Ainsi, Platon explique que le désir ne mène qu’au malheur, puisque comme on ne peut jamais complètement le combler, on n’obtient jamais le plaisir. En effet, il y aura toujours au moins un désir que je ne pourrai pas satisfaire. Par exemple, je ne pourrai jamais combler le désir d’immortalité puisqu’en tant qu’être vivant je suis programmé pour mourir. Si j’essaie de combler ces désirs, je me trouverai dans le Malheur que décrit Platon : les désirs m’éloignent du savoir et il vaudrait mieux pour moi que je les laisse insatisfaits.
Pourtant, il y a bien des désirs qui sont individuellement réalisables – comme acheter une maison – et même naturels, puisque le désir d’avoir ou posséder commence très tôt, dans la phase anale où l’enfant est obcédé par la possession du boudin fécal. De surcroît, certains de ces désirs paraissent nécessaires à ma survie : par example, il me faut essayer de combler le désir d’être en bonne santé d’après les Épicuriens.

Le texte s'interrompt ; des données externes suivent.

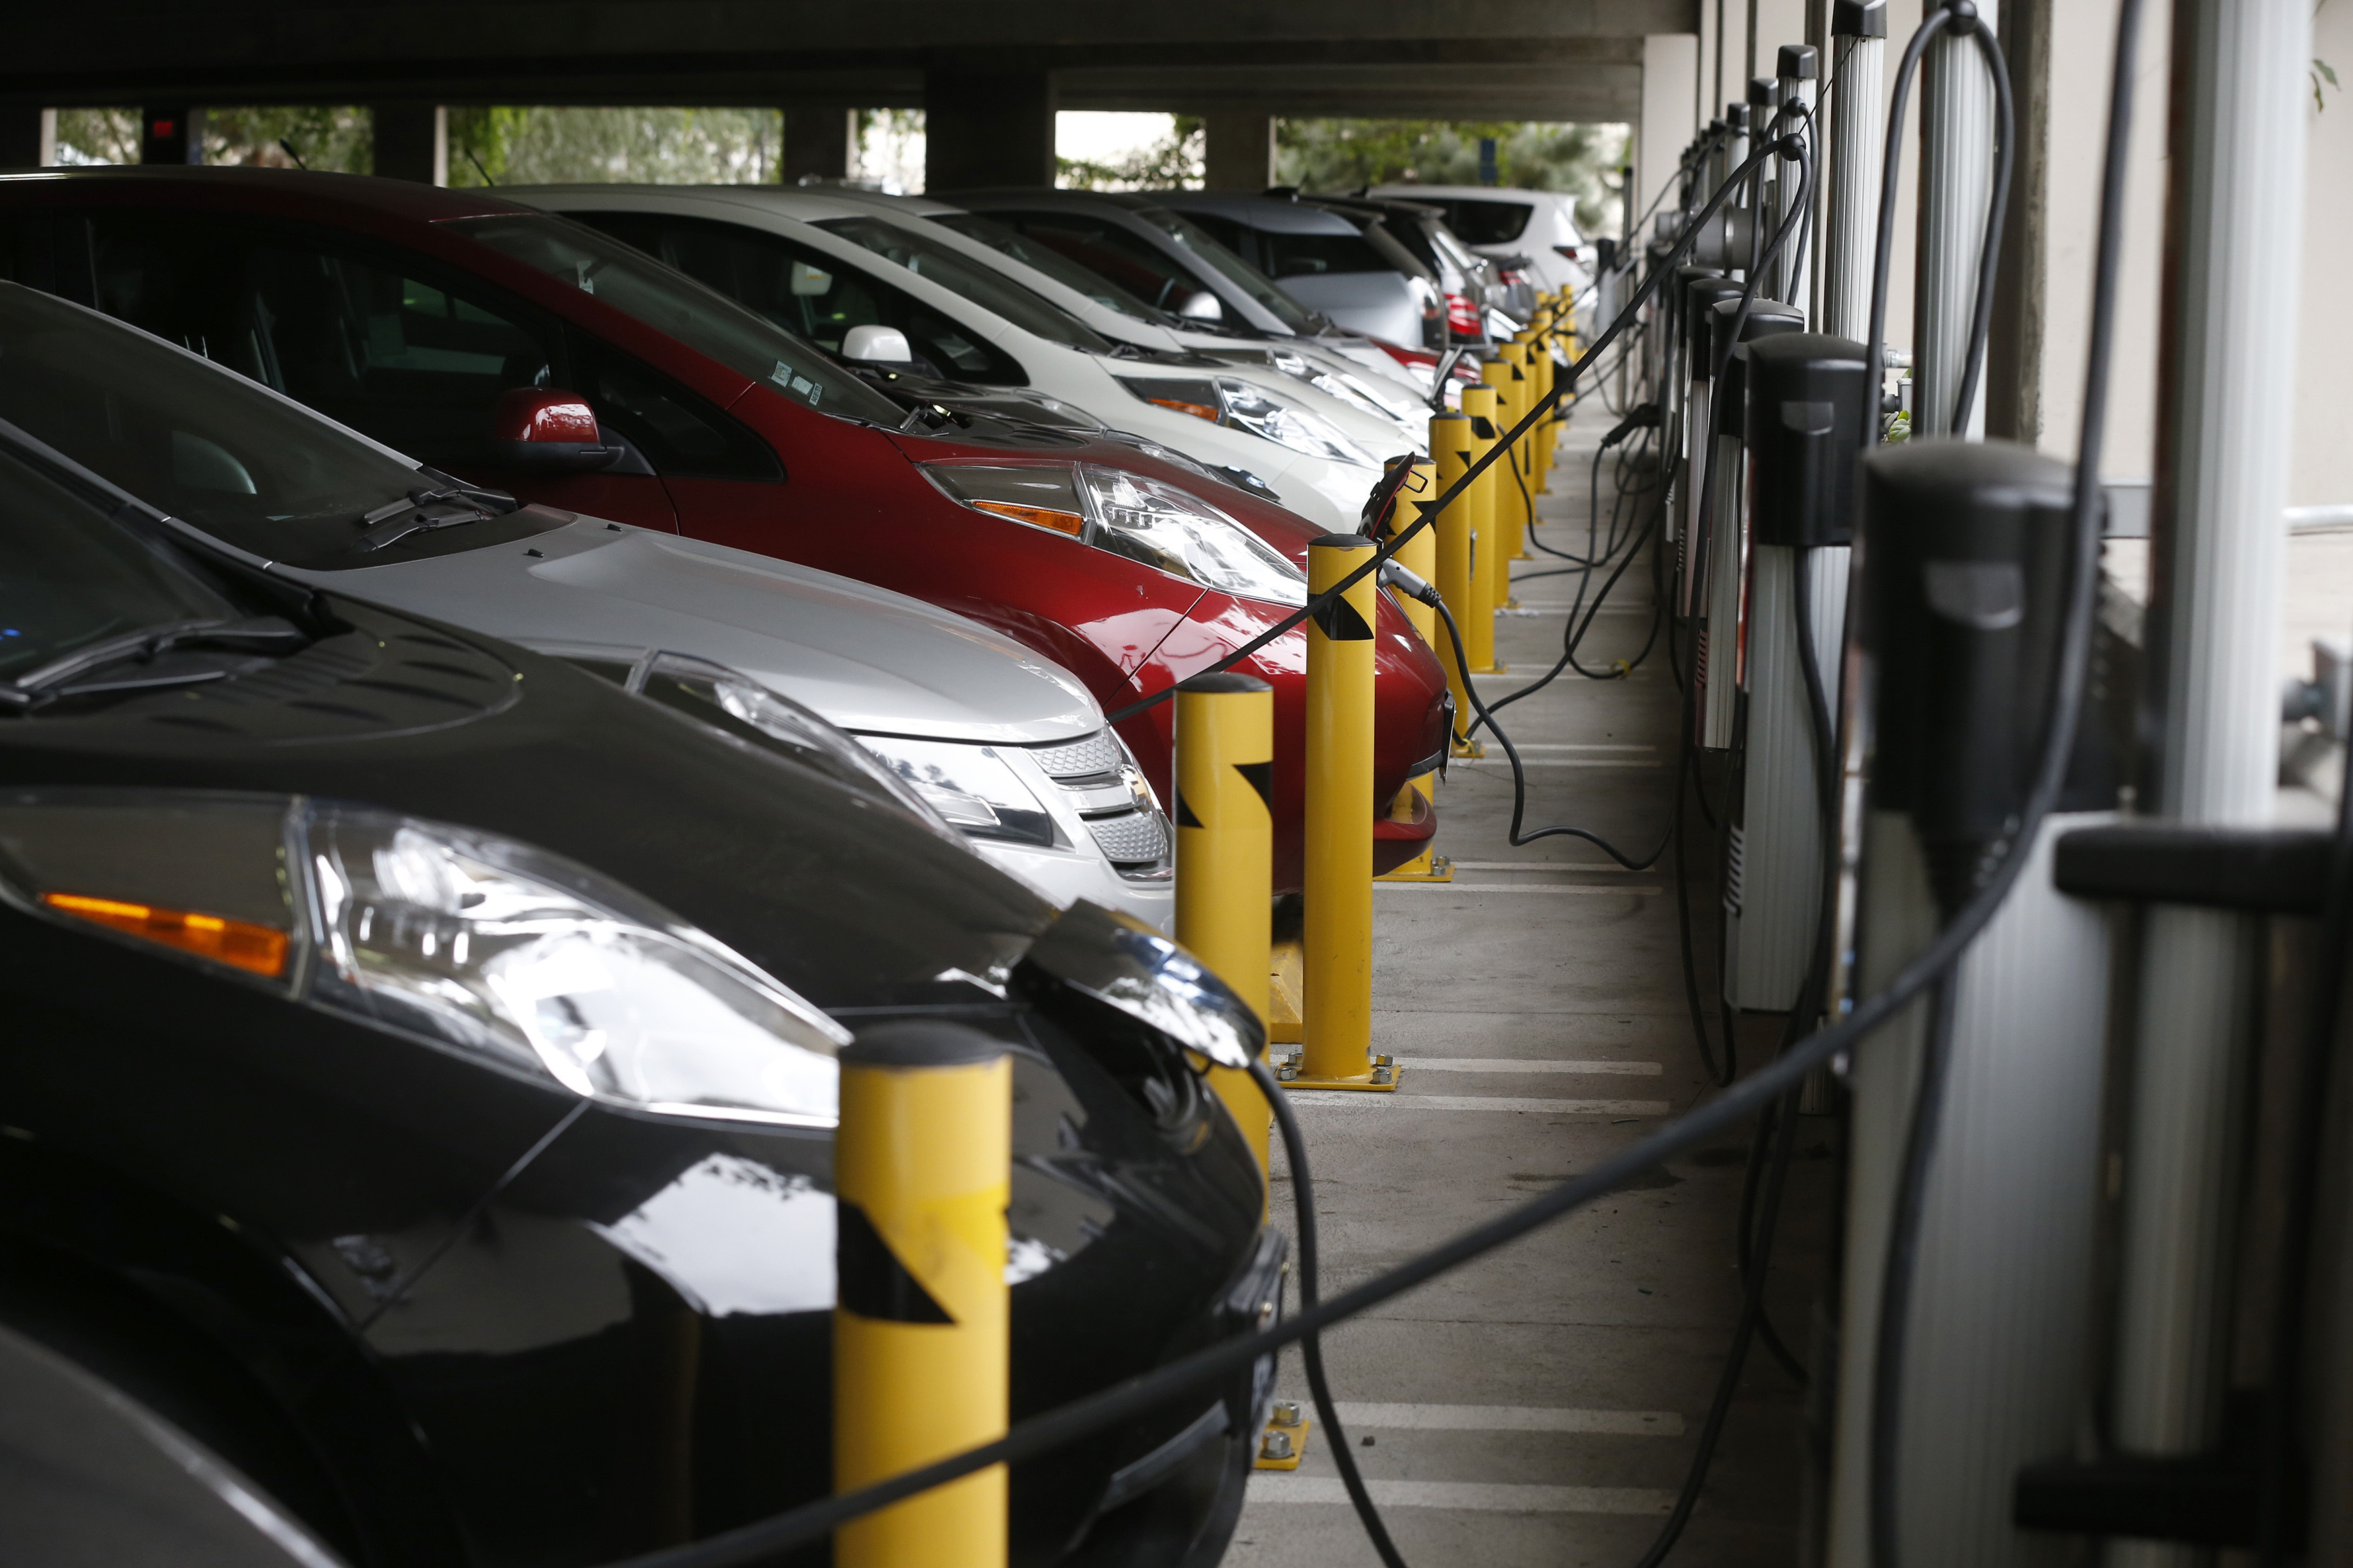 Electric cars sit charging in a parking garage at the University of California, Irvine

Mais encore, pour combler le désir d’avoir faudrait-il que tout objet de mon désir soit assez facile à obtenir. Et donc, pour combler la multitude de mes désirs de possession, il faudrait soit que je ne désire que des choses faciles à obtenir, soit que j’obtienne de l’aide des autres par mon pouvoir : il faudrait donc pouvoir pour avoir, c’est-à-dire combler le désir de pouvoir pour être en mesure d’avoir. La satisfaction du désir d’avoir dépend directement de celle du désir de pouvoir.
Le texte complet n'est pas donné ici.